What attracted you to Occidental?
One of Oxy’s biggest draws was that it’s a small liberal arts college in a major urban center. I’ve valued the liberal arts education ever since I was an undergraduate, but have always felt more comfortable in big cities. In addition to the quality of the institution and its real commitment to teaching—to which some institutions only pay lip service—I was drawn to Los Angeles as a place to live, teach, and conduct research. Situated on the dual horizon of Latin America and the Pacific World, Los Angeles offers unique perspective on religion in the Americas today.
What are your early impressions of classroom life?

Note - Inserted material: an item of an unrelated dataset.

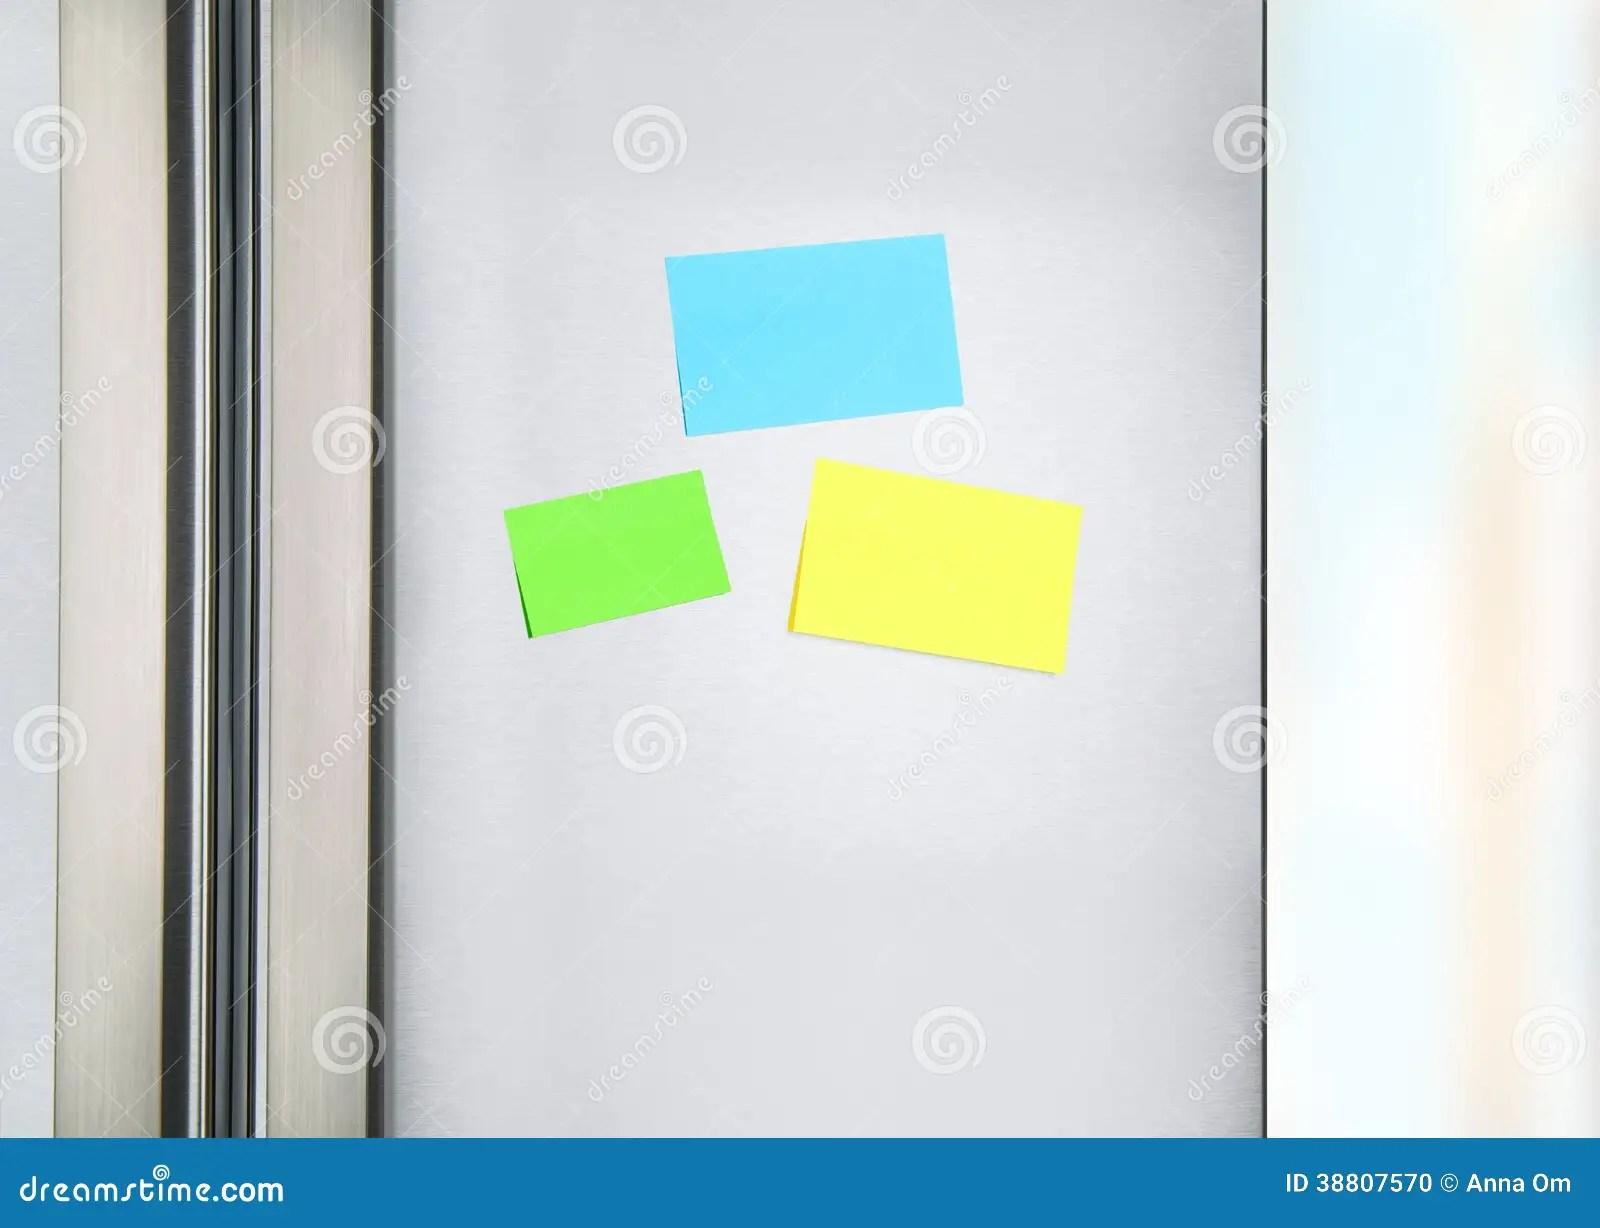 Sticky Notes On The Fridge Stock Photo Image 38807570

Oxy students keep me on my toes! So far, I’ve found them to be deeply engaged and careful thinkers who aren’t afraid to take risks.
What do you see as the value of a liberal arts education?

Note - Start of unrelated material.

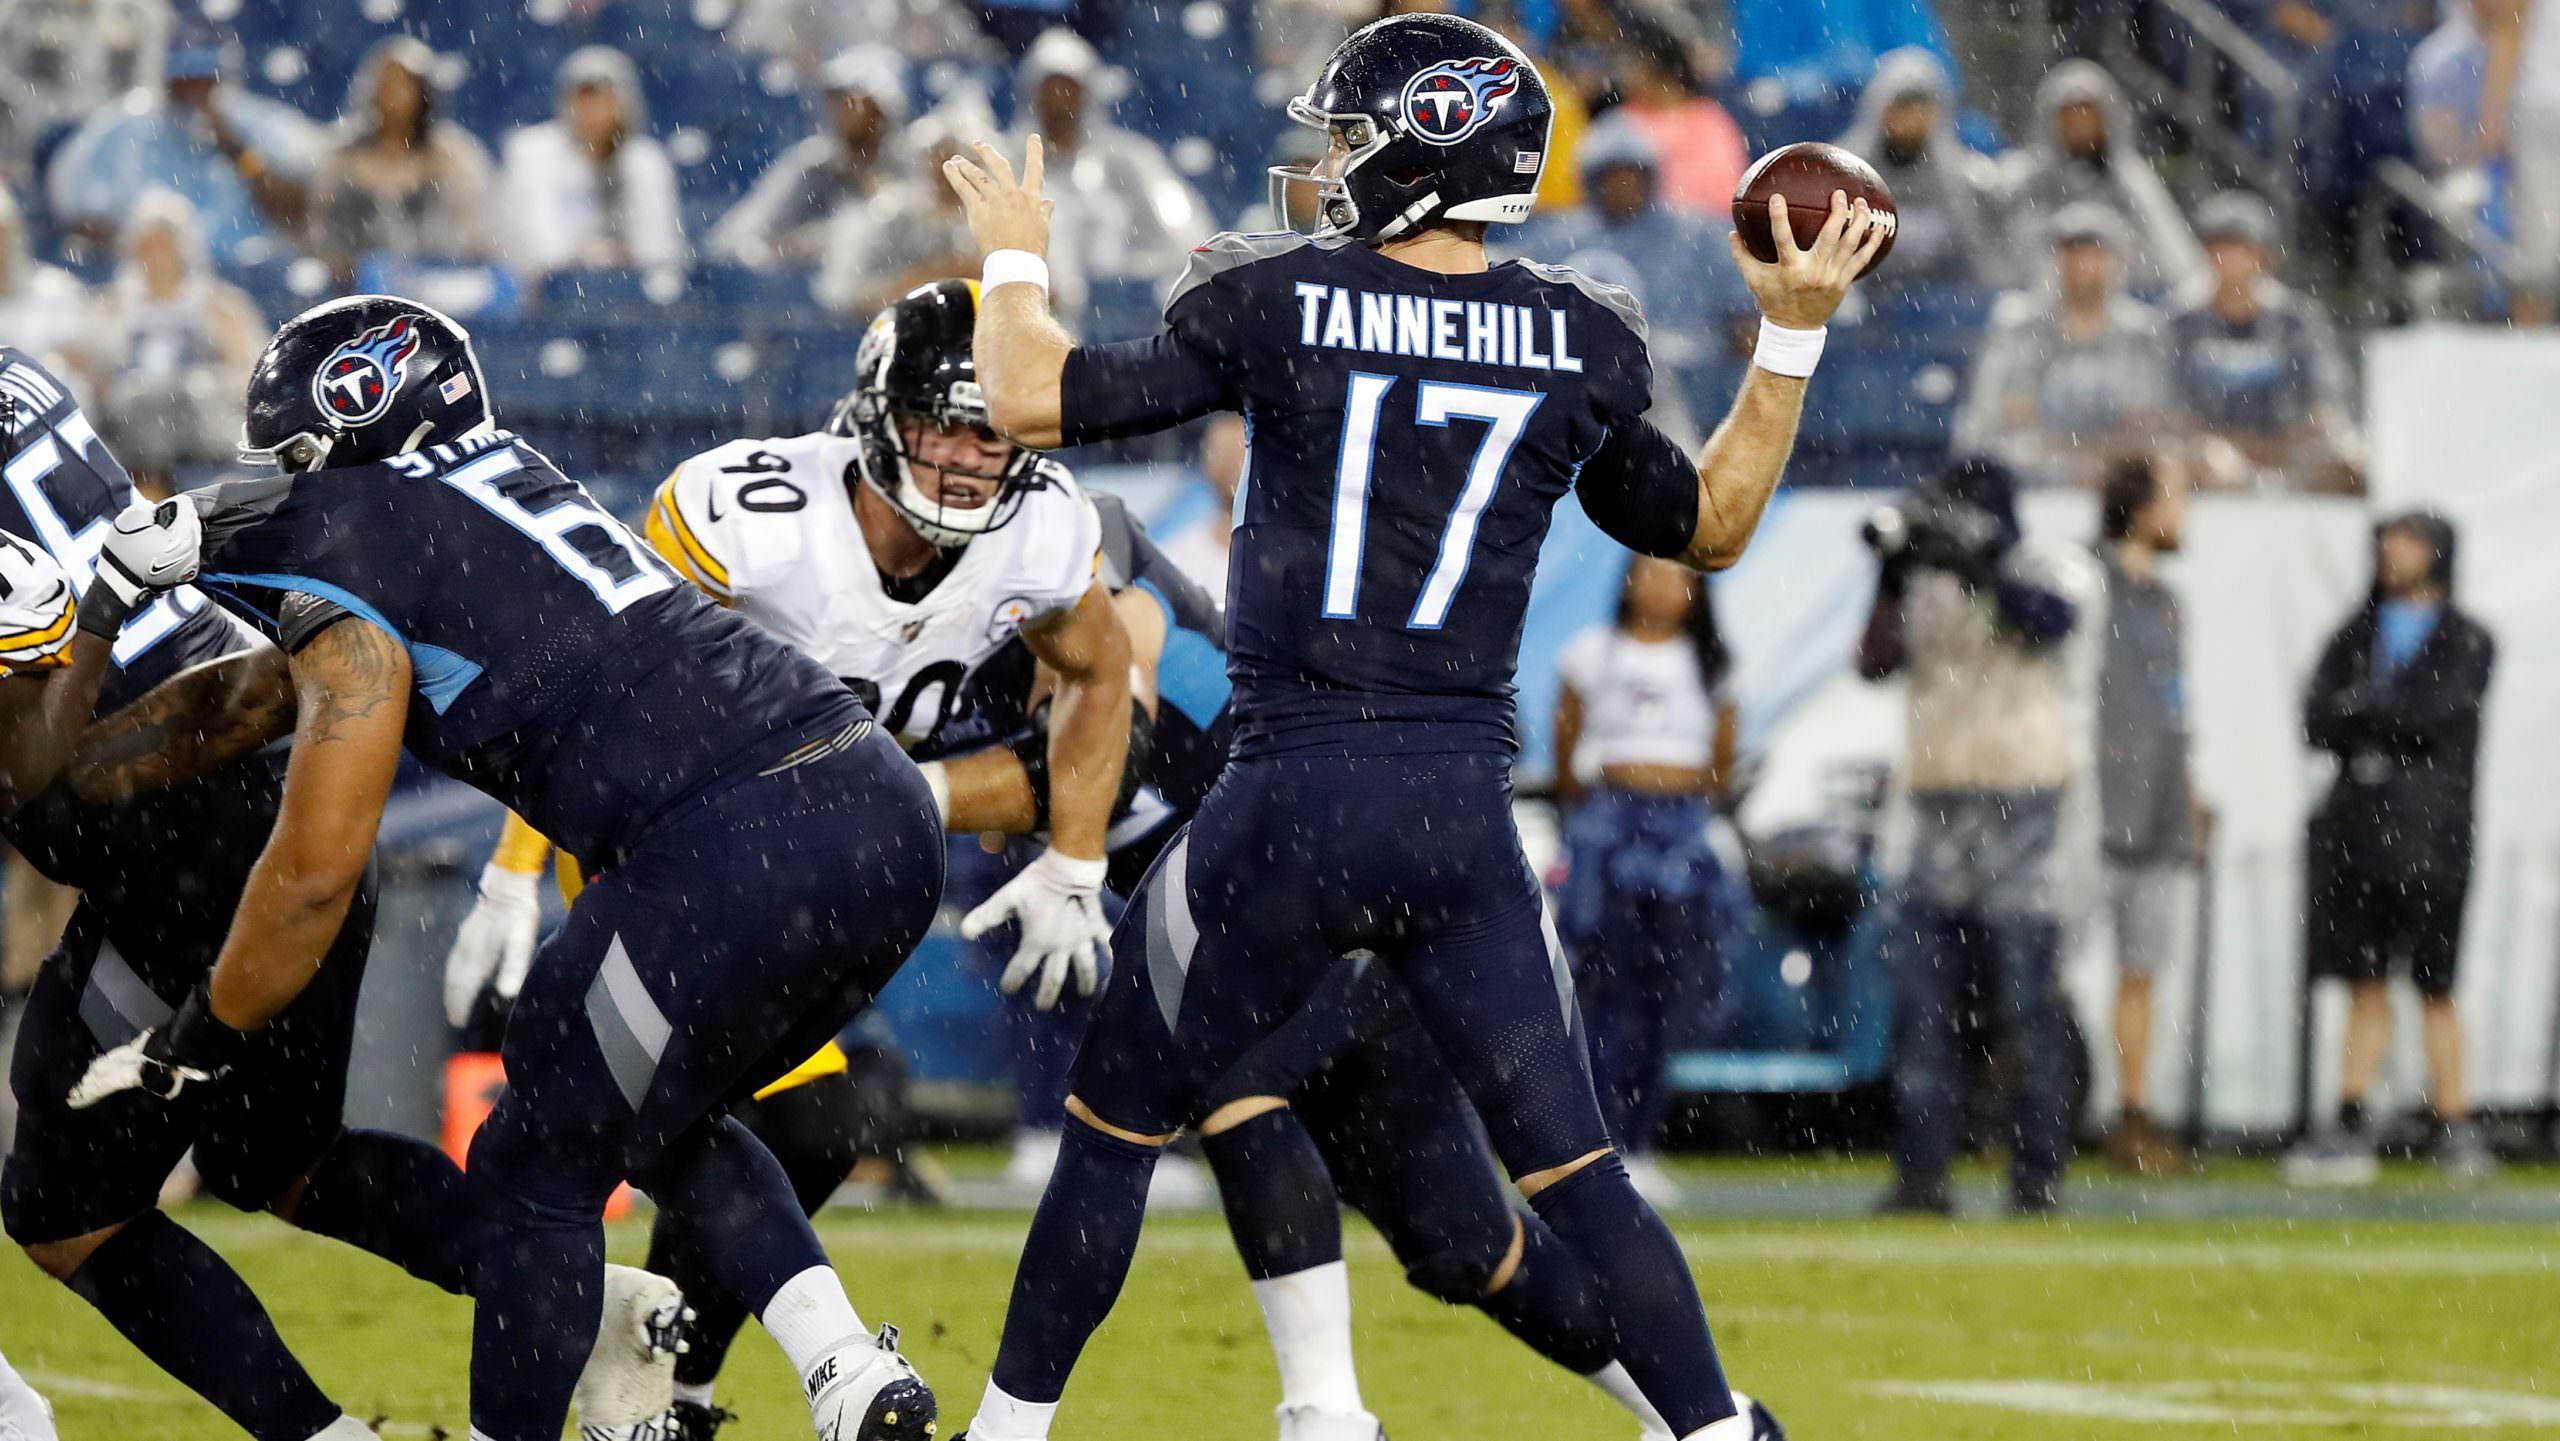 Transmissão ao vivo do Steelers vs Titans: como assistir a 7ª semana da NFL online de qualquer lugar

My understanding of the value of a liberal arts education aligns with the College’s mission: I think it prepares students to be intellectually nimble in an increasingly complex and changing world. It’s hard to say where innovations like automation and machine learning—not to mention the rapidly shifting geopolitical order—will take us in the next 20 or 30 years. In the face of such uncertainty, it’s more crucial than ever to cultivate the transferrable habits of mind characteristic of a liberal arts education.

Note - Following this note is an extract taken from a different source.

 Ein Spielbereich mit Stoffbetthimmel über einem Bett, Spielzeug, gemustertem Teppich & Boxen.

I think [a liberal arts education] prepares students to be intellectually nimble in an increasingly complex and changing world.”
Can you talk about the genesis of your current book project, Moved by the Dead?
In the summer of 2012, I went to São Paulo on a Foreign Language Area Studies grant. During that program, Jeffrey Lesser, a historian at Emory University, took our group on a tour of Liberdade, known as the city’s “Japanese neighborhood.” As part of that tour, he introduced our group to the Church of the Holy Cross of the Souls of the Hanged, a Catholic church that was named for the old city gallows that once stood nearby. Outside, a few priestesses of the Afro-Brazilian religion Candomblé were casting cowry shells. And inside, it was clear that people visited to practice a variety of heterodox devotions.
When I got back to the United States, I quickly drafted an application to a Fulbright grant for a research project based on the church. My research question was simple enough: Given freedom of religious expression in Brazil, why were people practicing non-Catholic devotions at this particular Catholic church? I began by framing my research in relation to theoretical work on “syncretism,” or the apparent mixture of different religious forms. I got lucky and won a Fulbright, which took me to Brazil for all of 2014. And soon after I arrived, I realized that the Church of the Holy Cross of the Souls of the Hanged was just one of several Catholic churches where, on Mondays—widely known as “the day of the souls”—droves of devotees came to pray for and petition for help from the souls of the suffering dead.
As I visited archives, talked to devotees, and learned more about the abundant ghostly lore that surrounded São Paulo’s most popular sites for the devotion to souls, my research interests shifted. It became clear that these places were oblique memorials to black history in a city whose physical structures have long been marked by whiteness. In a very literal sense, the ghosts of slavery and industrialization haunt contemporary São Paulo, and the devotion to souls is one way of confronting and remembering that social violence. So, my initial interest in rethinking religious mixture gave way to a focus on space, movement, and cultural heritage in urban Brazil.